The other factor influencing opinion in European countries is the progress of the vaccination programme. In terms of at least one dose, the UK and Malta are well ahead of the other eight selected countries.
A similar pattern exists for second jabs, with Malta and UK even further ahead of the other eight selected countries.
By putting current (at least one dose) vaccination data with current positivity rates gives an interesting pattern:
In a chart like this, you want to be in the top left-hand quadrant – high vaccination rates and low positivity rates – Malta is here. You really don’t want to be in the bottom right-hand quadrant – low vaccination rates and high positivity – Croatia is here. The other eight countries have similar vaccination rates, with low positivity for Greece and Cyprus and high positivity for Spain.

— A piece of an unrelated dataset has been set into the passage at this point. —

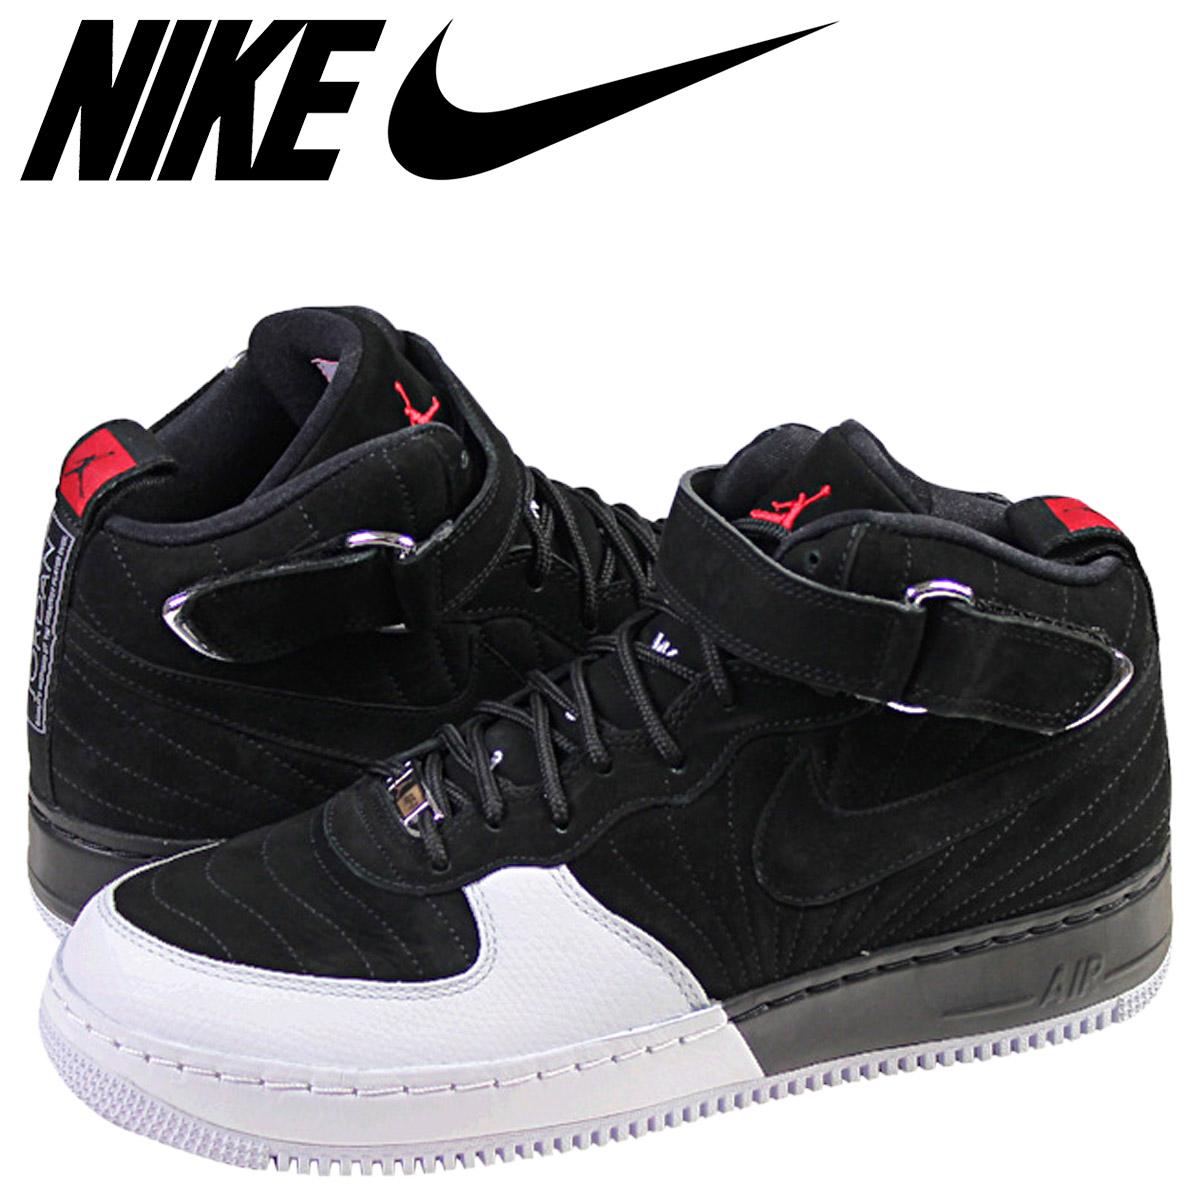 buy online 35a87 e9ed8 Nike NIKE Air Jordan sneakers AIR JORDAN FUSION 12 Air Jordan fusion 12  317742-061 ...

To summarise, the relatively high number of cases in the UK at the moment is largely driven by the greater level of testing – once this is taken into account, the differential between the UK and other large European countries such as France, Germany, Italy and Spain is substantially diminished. What I think is really creating concern in Europe is their low level of vaccination, including among vulnerable groups. Domestically in the UK, the vaccination programme seems to have largely broken the link between infection and serious illness; but in Europe the lower level of vaccinations creates a risk that UK holiday makers will pass infection on to local populations, who are not as protected as the UK population due to slower vaccine rollout. When European governments want to limit visitors from the UK, they are really admitting that their vaccination programme is not sufficiently advanced as to provide the protection that is apparent domestically here. The high UK case numbers are a bit of a red herring, as the level and focus of testing explains a lot of the difference with other large European countries.